Я кивнул, допил чай и встал с кресла:
— Хорошо. Спасибо вам. Не стану больше вас отвлекать.
— Не за что, Павел Филиппович. Я ничем не смогла вам помочь.
— Может быть и нет.
Лиза замялась, а затем уточнила:
— Скажите мне правду. Есть ли шанс доказать невиновность Ильи?
— Я не могу давать гарантий, но я приложу все силы, чтобы с вашего мужа сняли все обвинения, — честно ответил я.
— Спасибо вам, мастер Чехов. Огромное спасибо. Вы подарили мне надежду, — запричитала женщина.
Я улыбнулся и положил ладонь ей на локоть:
— Позаботьтесь о детях. Вы им очень нужны сейчас. Когда вернется ваш Илья, его встретит семья.
— Вы правы… — протянула Лиза и повторила. — Вы правы.

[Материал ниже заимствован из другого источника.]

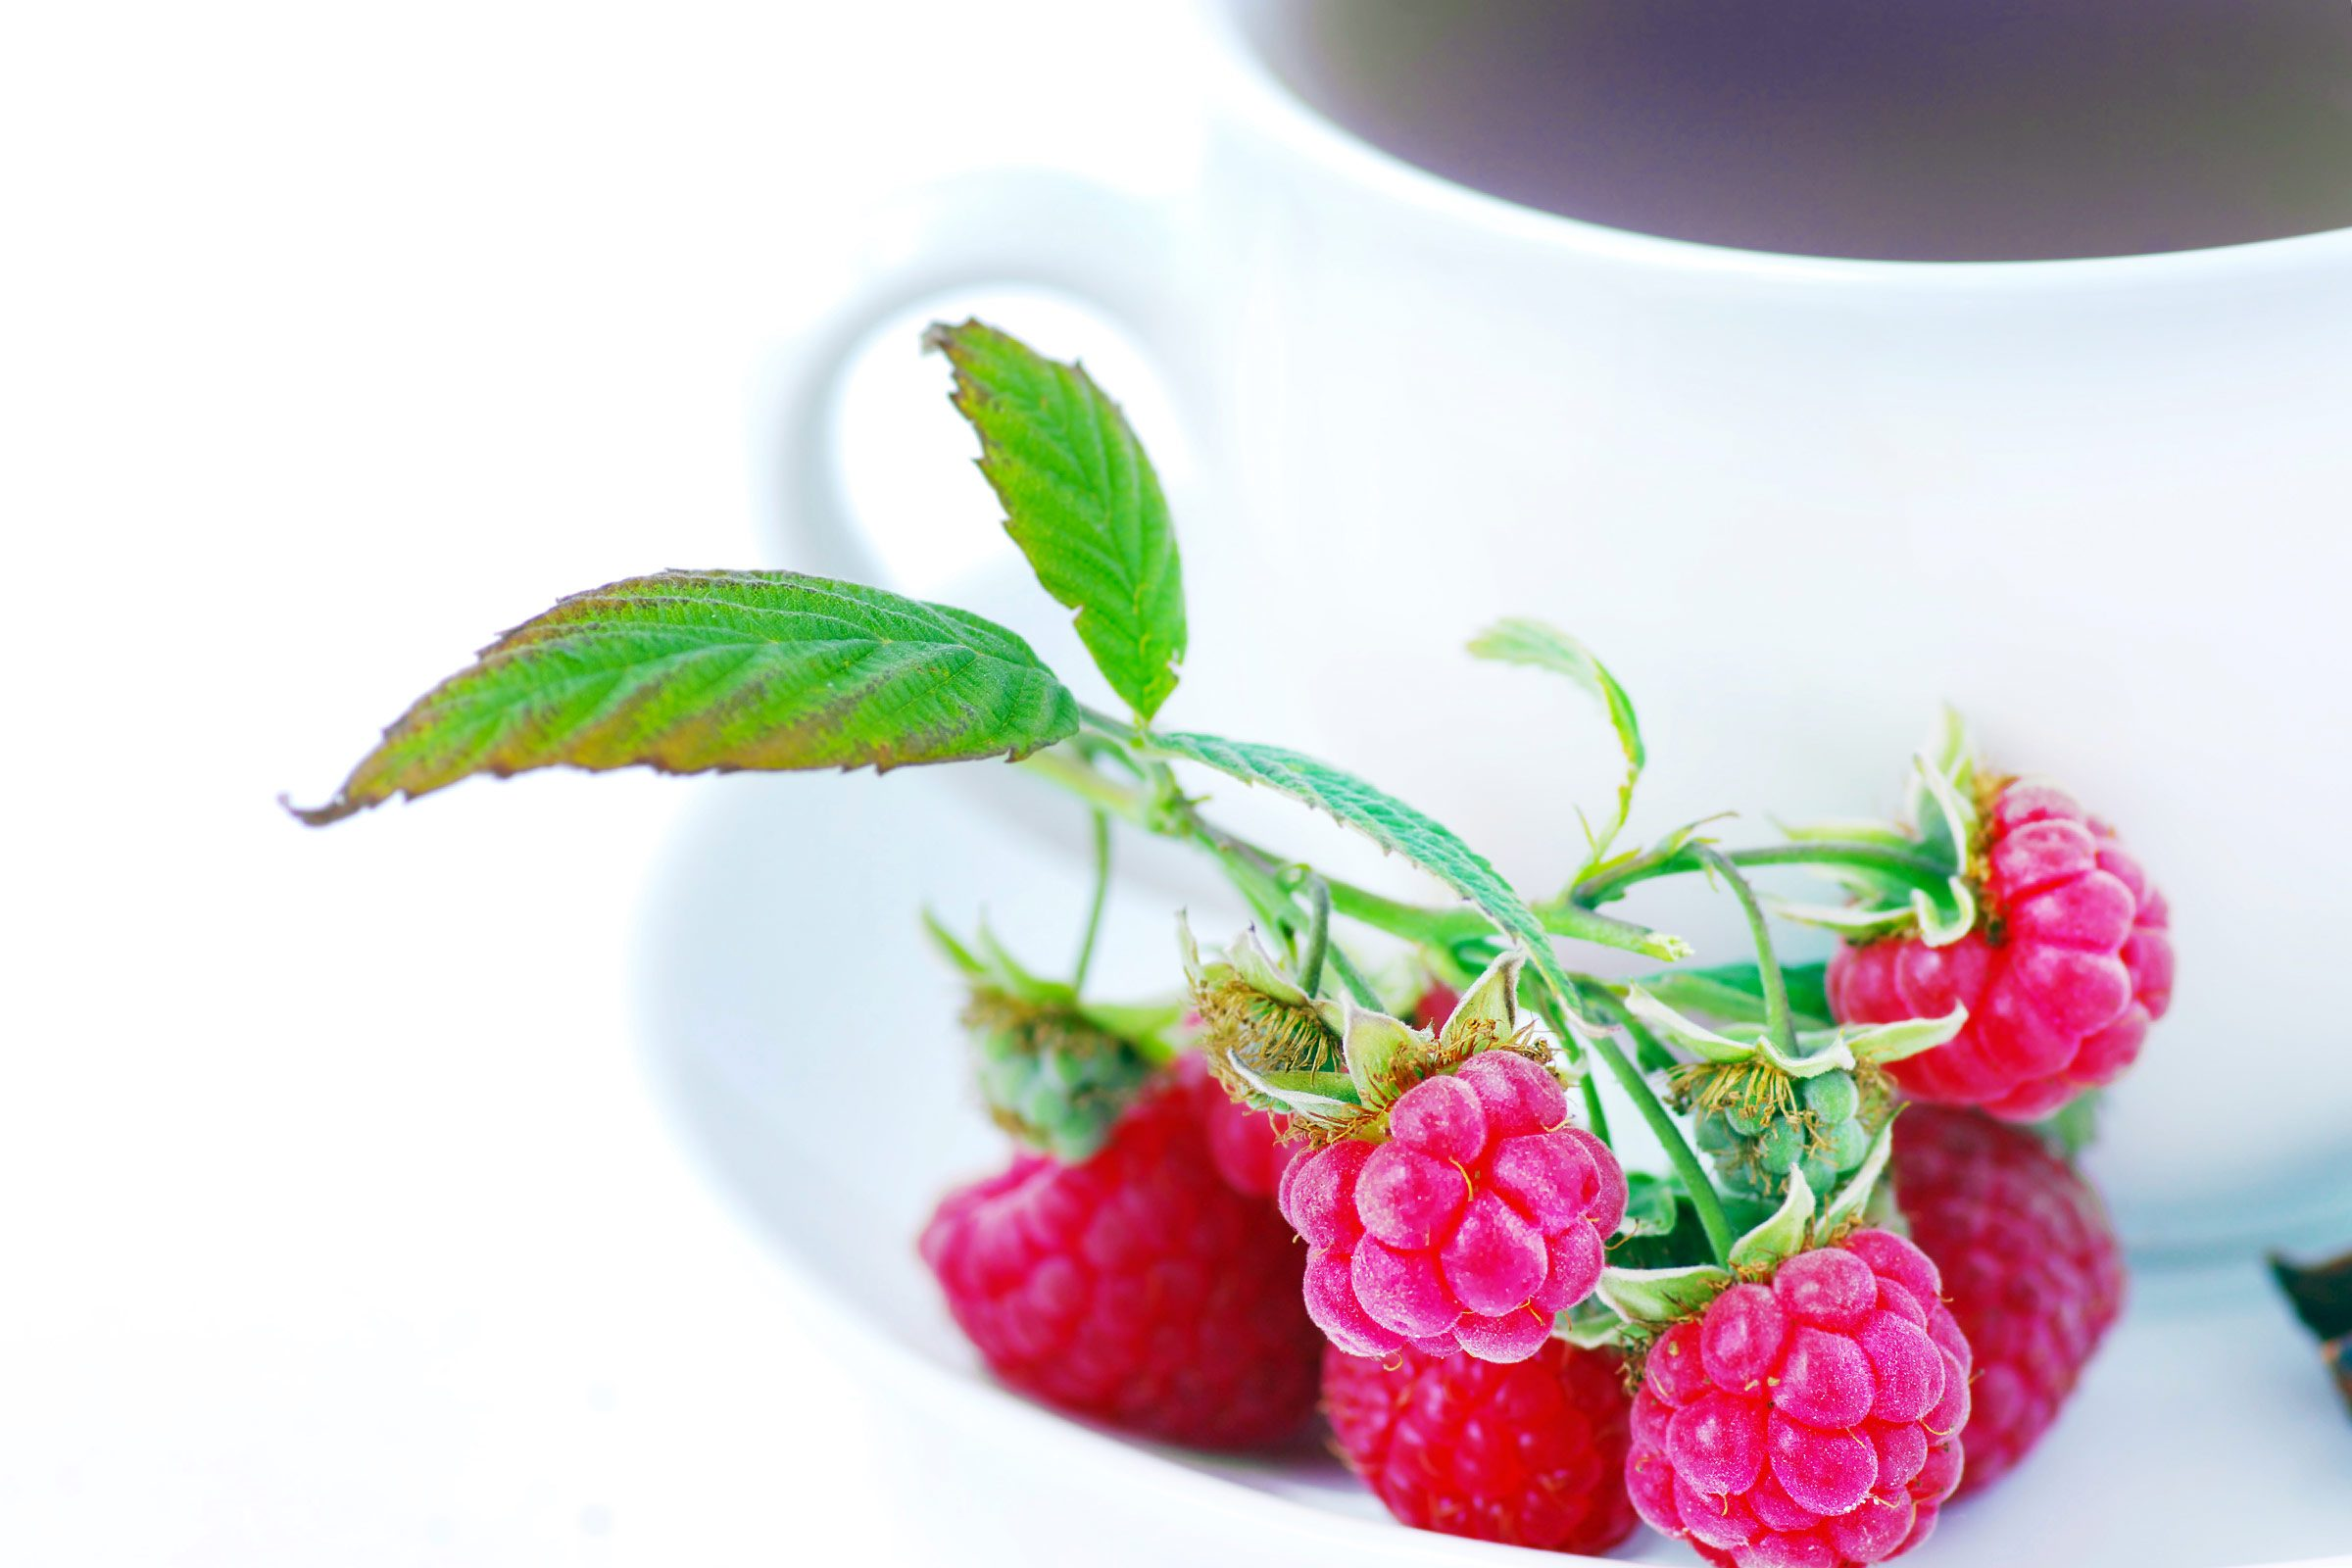 Sore throat remedy: Raspberry tea

Кое-что о хороших мальчиках
Я вышел из дома, где жила Литвинова, и направился к машине, прокручивая в голове, что делать дальше. Природник знал маршрут, по которому прогуливалась Софья. И напал в подходящем месте, далёком от посторонних глаз. Долго следить за домом Потемкина он бы не смог. Рано или поздно, его бы заметили. Значит, человек был либо знаком с Ильёй, либо с кем-то из дружины Потемкина, кто мог рассказать про маршрут прогулки.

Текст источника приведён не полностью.